Adrift in the Land of Odd

Lost in Translation (Directed by Sofia Coppola)

Cambridge Arts Cinema

Sunday January 19th


We're in a luxury hotel in Tokyo. Charlotte (Scarlett Johansson) is here with her fashion photographer boyfriend. All the way from California. Like anybody who's on a business trip, he's too busy to give her any time or attention. She is left jetlagged, on her own, in a huge and bewildering city where she can't get any sleep. Bob Harris (Billy Murray) used to be a big film star but that was twenty years ago. Maybe around the time that Charlotte was born. Two million dollars for a couple of days work on a whiskey commercial is enough to persuade him to make the same trip half-way round the world. Between photo shoots he has a lot of time on his hands and he can't sleep either.

This being a Hollywood movie, they of course fall in love. But they do it - very - slowly. This film never tells us the story. It takes its time, gives itself the room and then shows us just what is going on. Assured use of time and space mingles with the jet-lagged atmosphere to make it dreamy. Really dreamy. Laid over the unrelenting foreign-ness of Tokyo and the internationally generic hospitality of the hotel, it seems possible that these two people never actually met. In the manner of Mulholland drive or the Sixth Sense maybe this was all some sort of dream or supernatural slip in reality. You're almost waiting for the twist. But all the while it's creating this unworldly feeling the film keeps one foot on the floor. Bob's wife sends him reports and questions about shelving, and carpet samples from a child-filled home which is obviously mired in reality. We feel with these uncomfortable lurching shifts between the impersonal dreaminess of the hotel and the nappy-filled reality of his home life. The deliciousness of the luxury hotel dream increases.

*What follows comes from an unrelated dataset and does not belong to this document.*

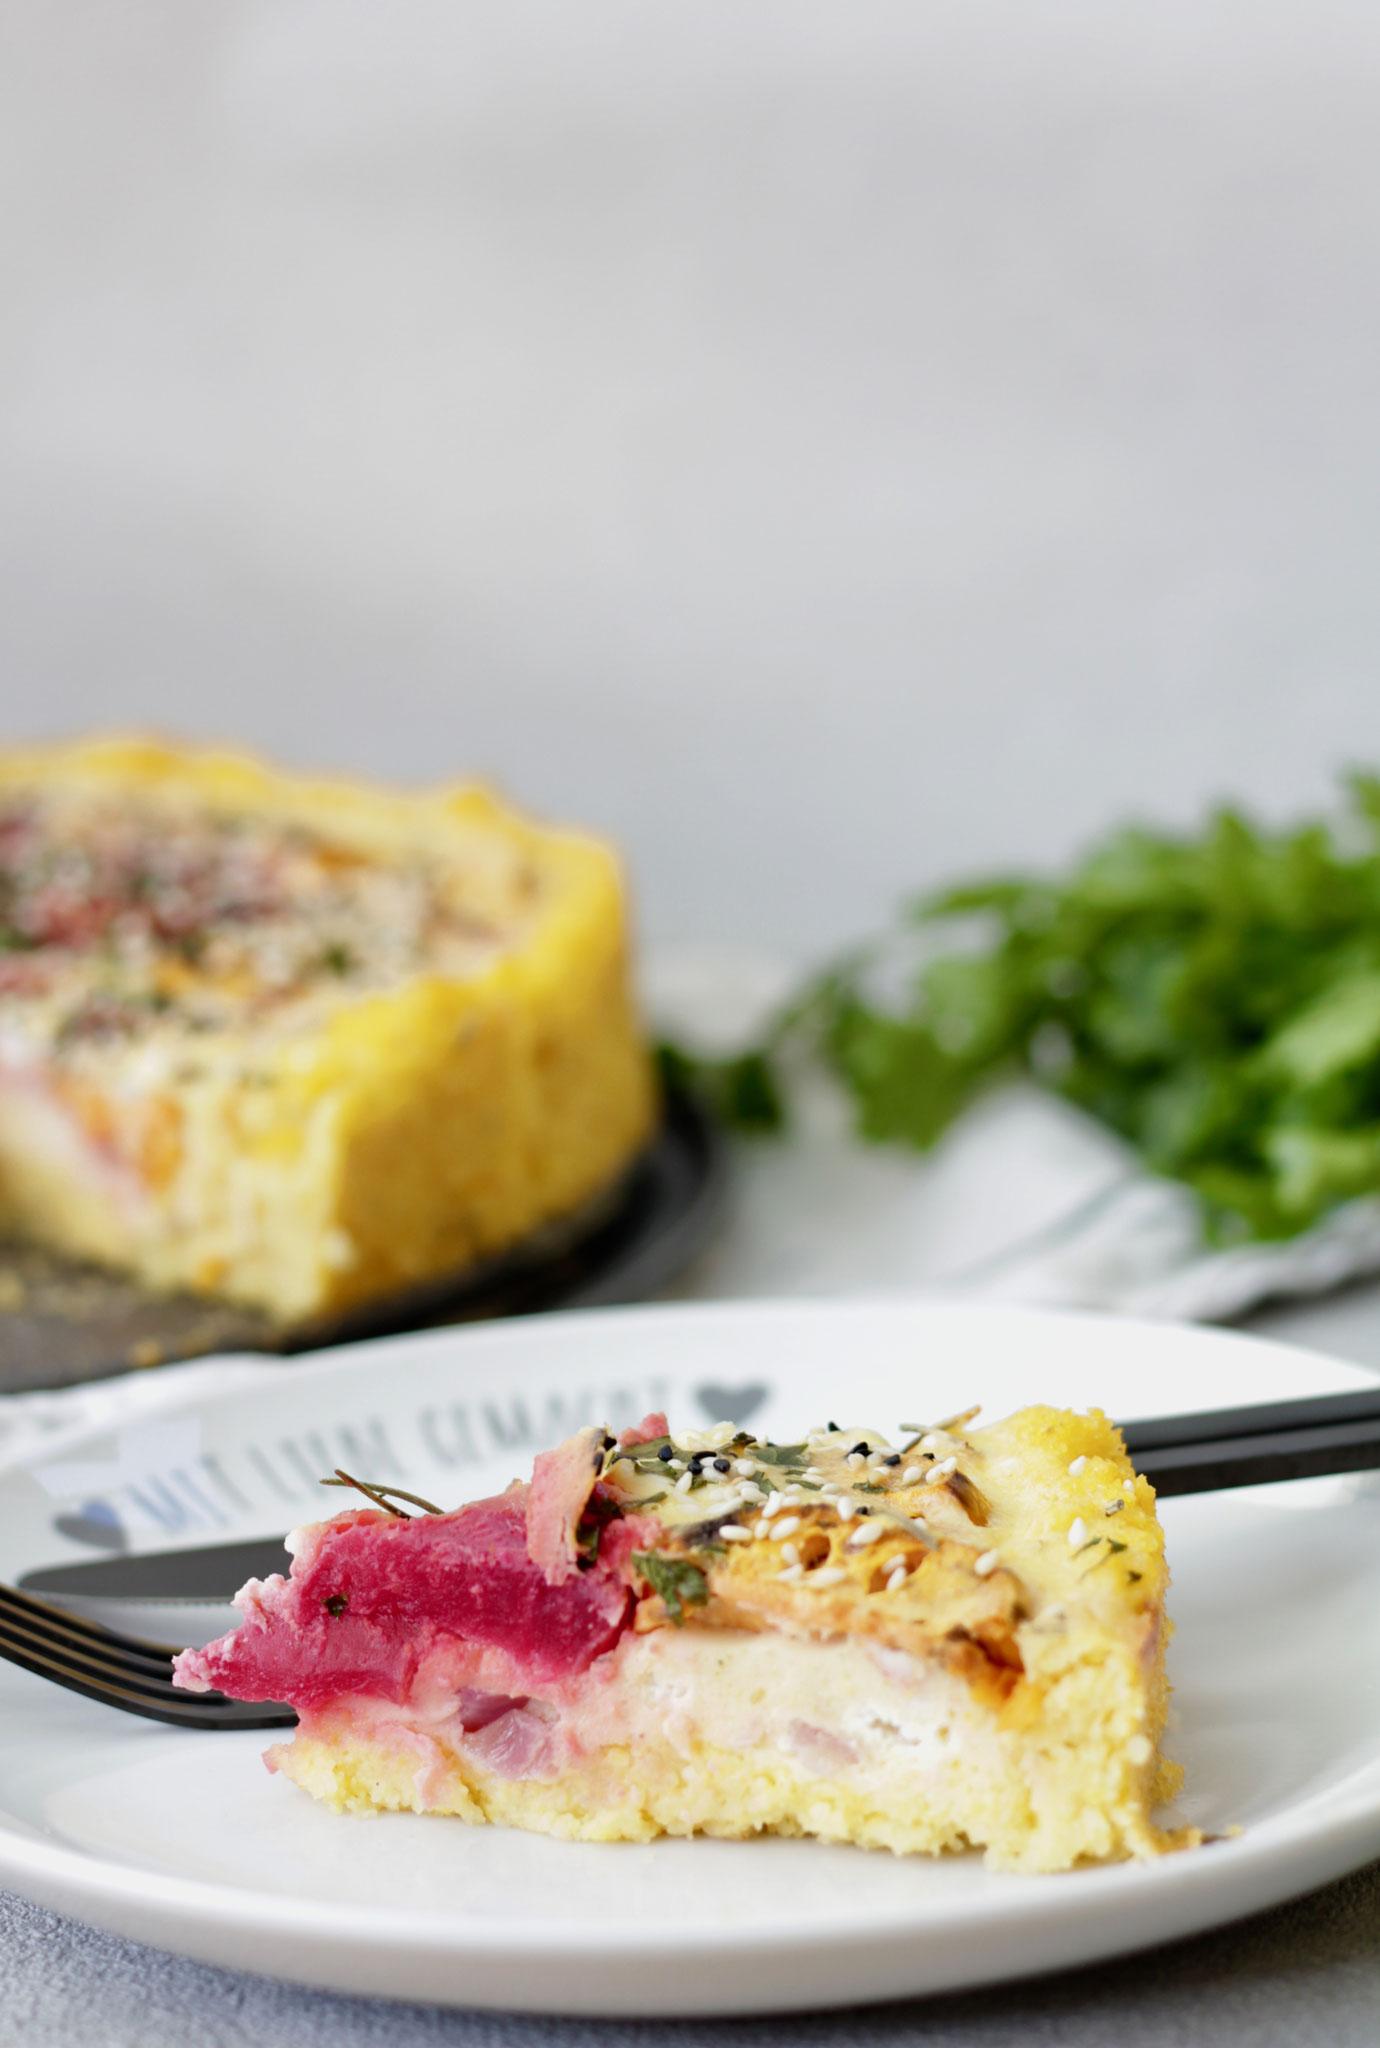 Kürbis-Polenta-Tarte mit Ziegenfrischkäse
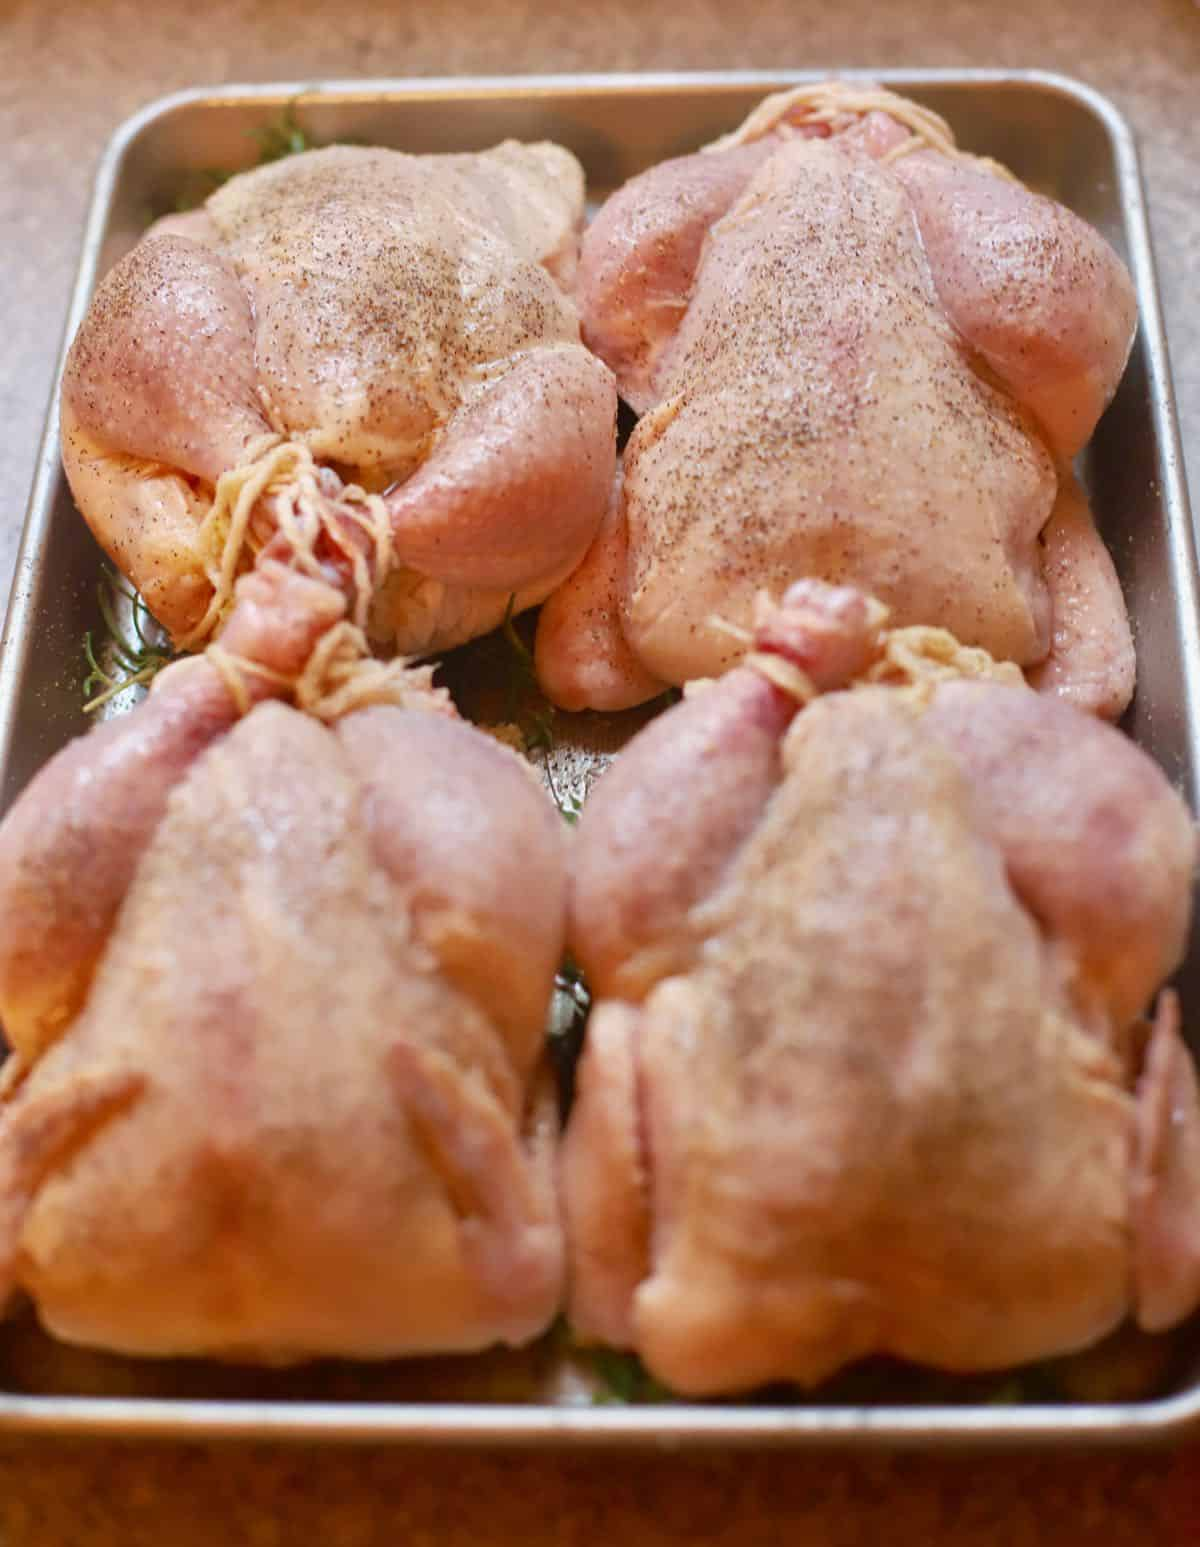 Four Cornish hens in a baking pan.

And there are some gorgeous touches. A moment in the fuzzy early morning when Charlotte rests her head on Bob's shoulder. A head on the shoulder is probably the most obvious advance she's ever had to make. But Bob's response is merely to re-knit his fingers and re-rest them on his knee. But then there's the touch of Charlotte's ankle when they've both finally made it onto, but not yet into the same bed.

So it's a jolt when dialogue is occasionally adolescent. "I went to the temple, but I didn't feel anything" is perhaps the kind of dialogue that made Charlotte decide she wasn't going to be a writer. But in the end, the lack of wisdom in the words makes it all the more remarkable that there is so much in the pictures.